Goa, Damão and Diu issued their own coinages until the middle of the 19th century. Damão issued copper 3, 15, 30 and 60 réis coins until 1854 when the mint closed. Diu issued lead and tin 5 and 10 bazarucos together with tin 20 bazarucos, copper 30 and 60 réis and silver 150 and 300 réis and 1 rupia. The Diu mint closed in 1859.

Goa issued the most diverse coinage of the three mints. In addition to tin bastardo, there were copper coins in denominations of 3, 4 1/2, 6, 7 1/2, 9, 10, 12 and 15 réis, 1/2 and 1 tanga, silver coins for 1/2 and 1 tanga, 1/2 and 1 pardau, and 1 rupia, and gold 1, 2, 4, 8 and 12 xerafins. The Goa mint was closed by the British in 1869.

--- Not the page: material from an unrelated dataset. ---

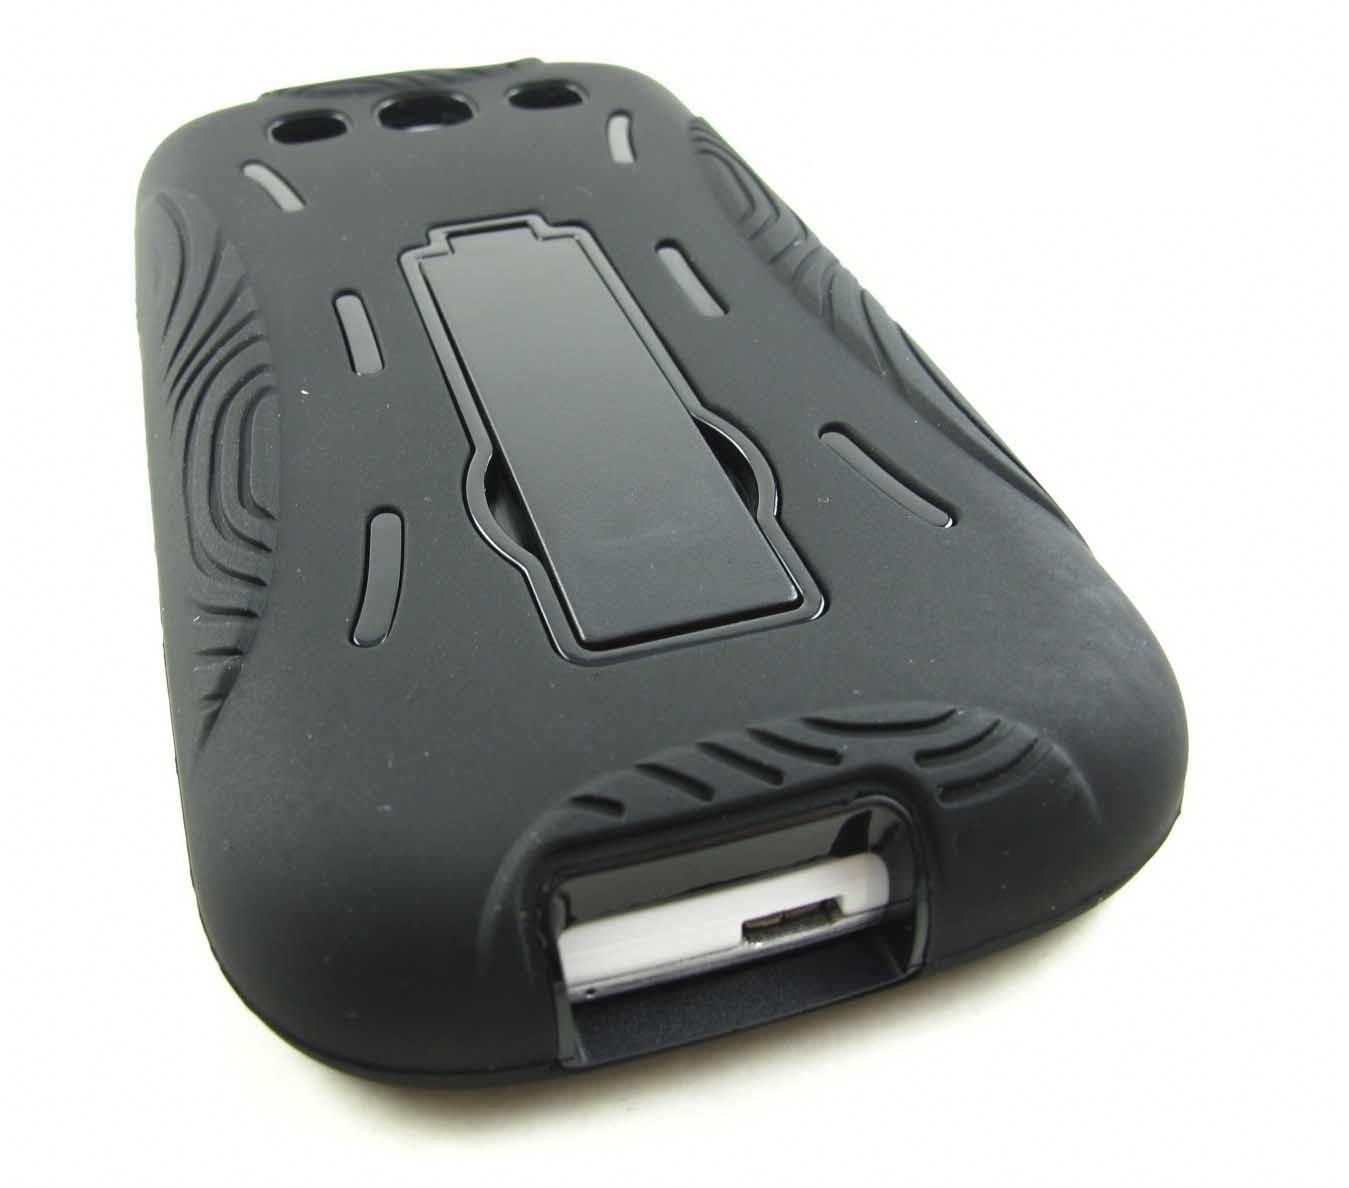 Black Bc Sturdy Hard Case Shell Cover Kickstand Samsung Galaxy S 3 S3

Following the closure of the last local mint, coins were imported from Portugal beginning in 1871. This new coinage coincided with the reform of the subdivisions of the rupia. Copper coins were introduced in denominations of 3, 5, 10 and 15 réis, 1/2 and 1 tanga. In 1881, copper 1/8 tanga and silver 1/8, 1/4, 1/2 and 1 rupia coins were introduced. Bronze replaced copper in 1901, whilst cupro-nickel 2 and 4 tangas were introduced in 1934, followed by 1/2 and 1 rupia in 1947 and 1952, respectively.

==Banknotes==

The first paper money issued specifically for Portuguese India was issued by the Junta da Fazenda Pública in 1882 in denominations of 10 and 20 rupias. These were followed in 1883 by notes issued by the General Government (Governo Geral) for 5, 10, 20, 50, 100 and 500 rupias.

In 1906, the Banco Nacional Ultramarino took over the issuance of paper money, issuing notes for 5, 10, 20 and 50 rupias. In 1917, notes were added for 4 and 8 tangas, 1 and 2 1/2 rupias. These were the only issue of tanga denominated notes, whilst the 2 1/2 rupia notes were issued until 1924 and the 1 rupia until 1929. 100 and 500 rupias notes were reintroduced in 1924.